Le norme cui si fa riferimento sono, in particolare:

  • l’art. 13, comma 3, del d. lgs. n. 39/1013, secondo il quale: “Gli incarichi di presidente e amministratore delegato di ente di diritto privato in controllo pubblico di livello locale sono incompatibili con l’assunzione, nel corso dell’incarico, della carica di componente della giunta o del consiglio di una provincia o di un comune con popolazione superiore ai 15.000 abitanti o di una forma associativa tra comuni avente la medesima popolazione della medesima regione”;
  • L’art. 60, comma 1, n. 10) del Decreto legislativo 18 agosto 2000, n. 267 (Testo unico degli enti locali) prevede l’ineleggibilità a consigliere comunale per: “i legali rappresentanti ed i dirigenti delle società per azioni con capitale superiore al 50 per cento rispettivamente del comune [o della provincia]”;
  • L’art. 63, comma 1, n. 1 del Decreto legislativo 18 agosto 2000, n. 267 prevede l’incompatibilità con la carica di consigliere comunale per “l’amministratore o il dipendente con poteri di rappresentanza o di coordinamento di ente, istituto o azienda soggetti a vigilanza in cui vi sia almeno il 20 per cento di partecipazione rispettivamente da parte del comune [o della provincia] o che dagli stessi riceva, in via continuativa, una sovvenzione in tutto o in parte facoltativa, quando la parte facoltativa superi nell’anno il dieci per cento del totale delle entrate dell’ente”.

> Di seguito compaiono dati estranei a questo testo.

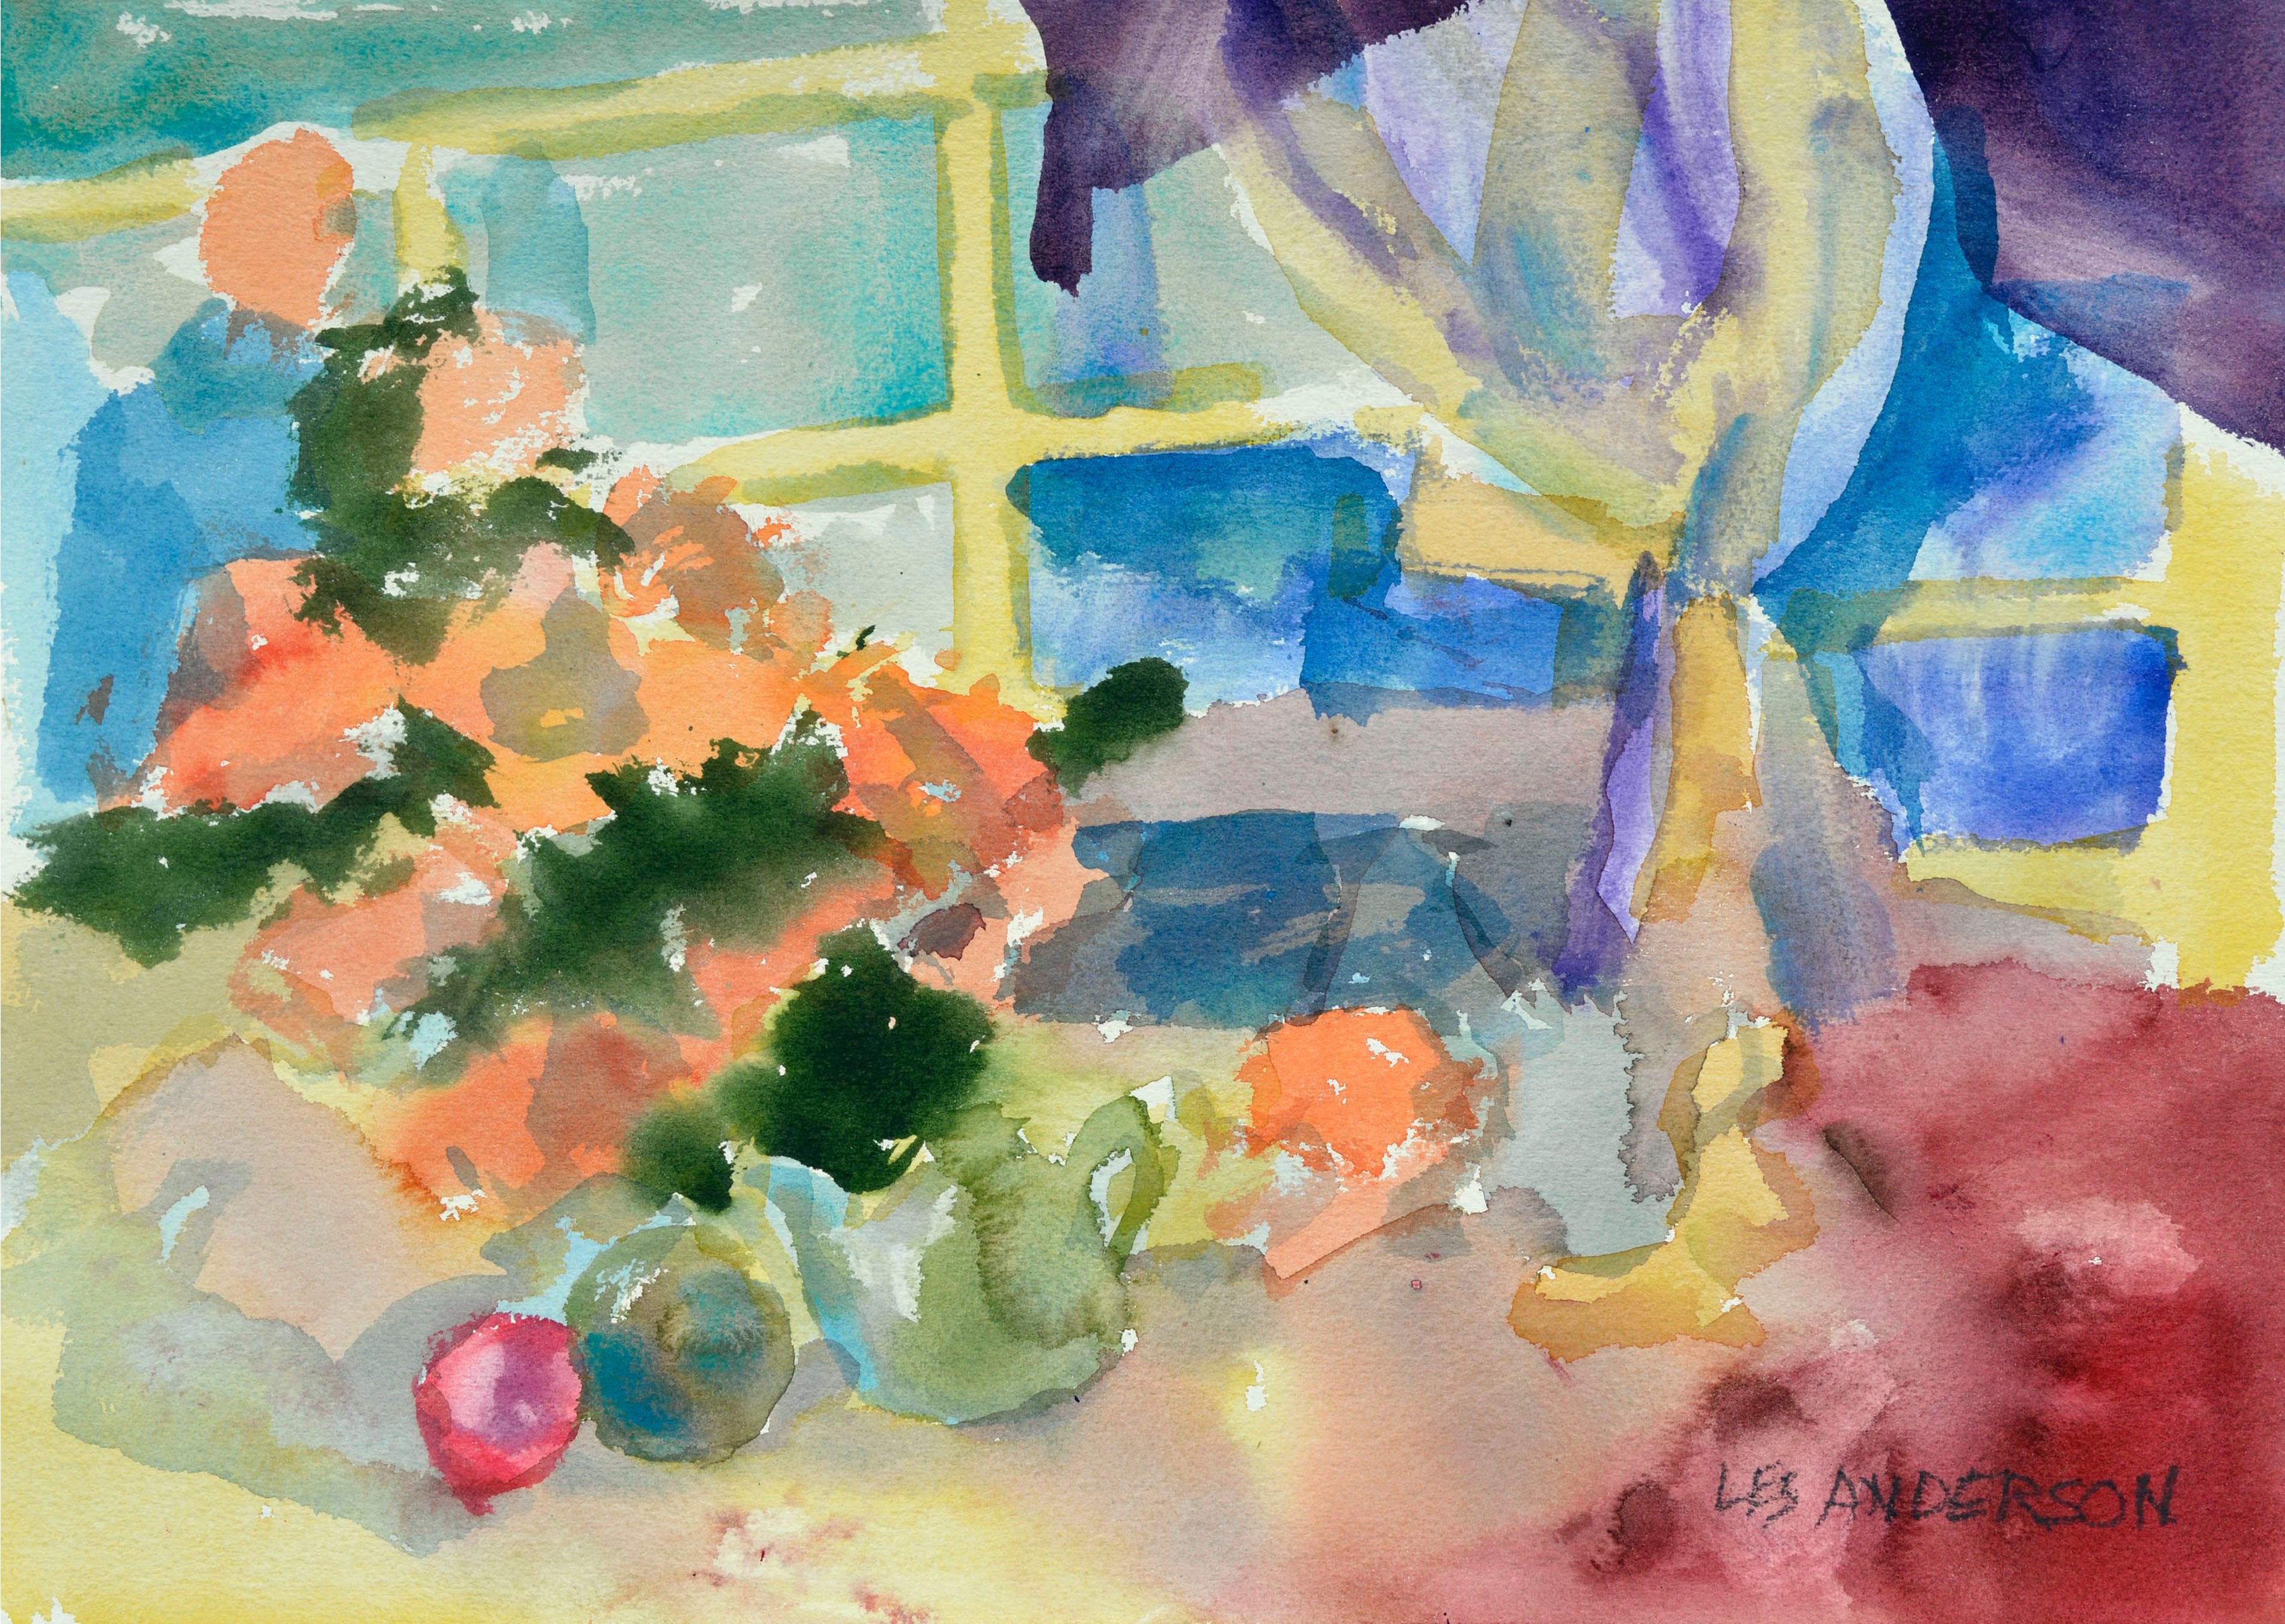 Les Anderson Interior Art - Colorful Watercolor Still-Life

Occorre evidenziare che le due norme citate sono considerate insuscettibili di applicazione analogica dalla giurisprudenza di legittimità e da quella costituzionale (si rimanda, tra le più recenti decisioni sul tema, a Corte Cost. 120/2013), sul presupposto che, nel nostro ordinamento, il diritto di elettorato passivo è la regola, mentre la sua limitazione costituisce un’eccezione. Perché possa aversi una restrizione di tali diritti, dunque, è necessaria una previsione espressa del legislatore.

Nulla afferma la normativa sopra illustrata su un’eventuale incandidabilità del responsabile per la prevenzione della corruzione di una società a controllo pubblico rispetto alla carica di consigliere del comune che controlla la società!

Alla luce della stessa, dunque, risulta che per il responsabile per la prevenzione della corruzione di una società partecipata dal comune non sussista ineleggibilità alla carica di consigliere comunale, poiché questa condizione ostativa è legata alla sola posizione di vertice all’interno dell’amministrazione (intesa come attività amministrativa in senso stretto, come governance, svincolata dall’attività di voice e da quella di controllo).

Si deve ritenere, altresì, che non sussiste incompatibilità tra le cariche di cui trattasi, per i medesimi motivi succitati: il conflitto di interesse che il legislatore mira ad eliminare, attraverso le norme del Tuel e della Legge Severino, è quello tra componente dell’organo di indirizzo politico del comune e manager della società a partecipazione pubblica.

Tale conflitto di interesse non appare, invece, sussistere nell’ipotesi in cui il componente di un organo di controllo (il responsabile per la prevenzione della corruzione), quindi non dirigenziale, assuma l’incarico elettivo di consigliere comunale.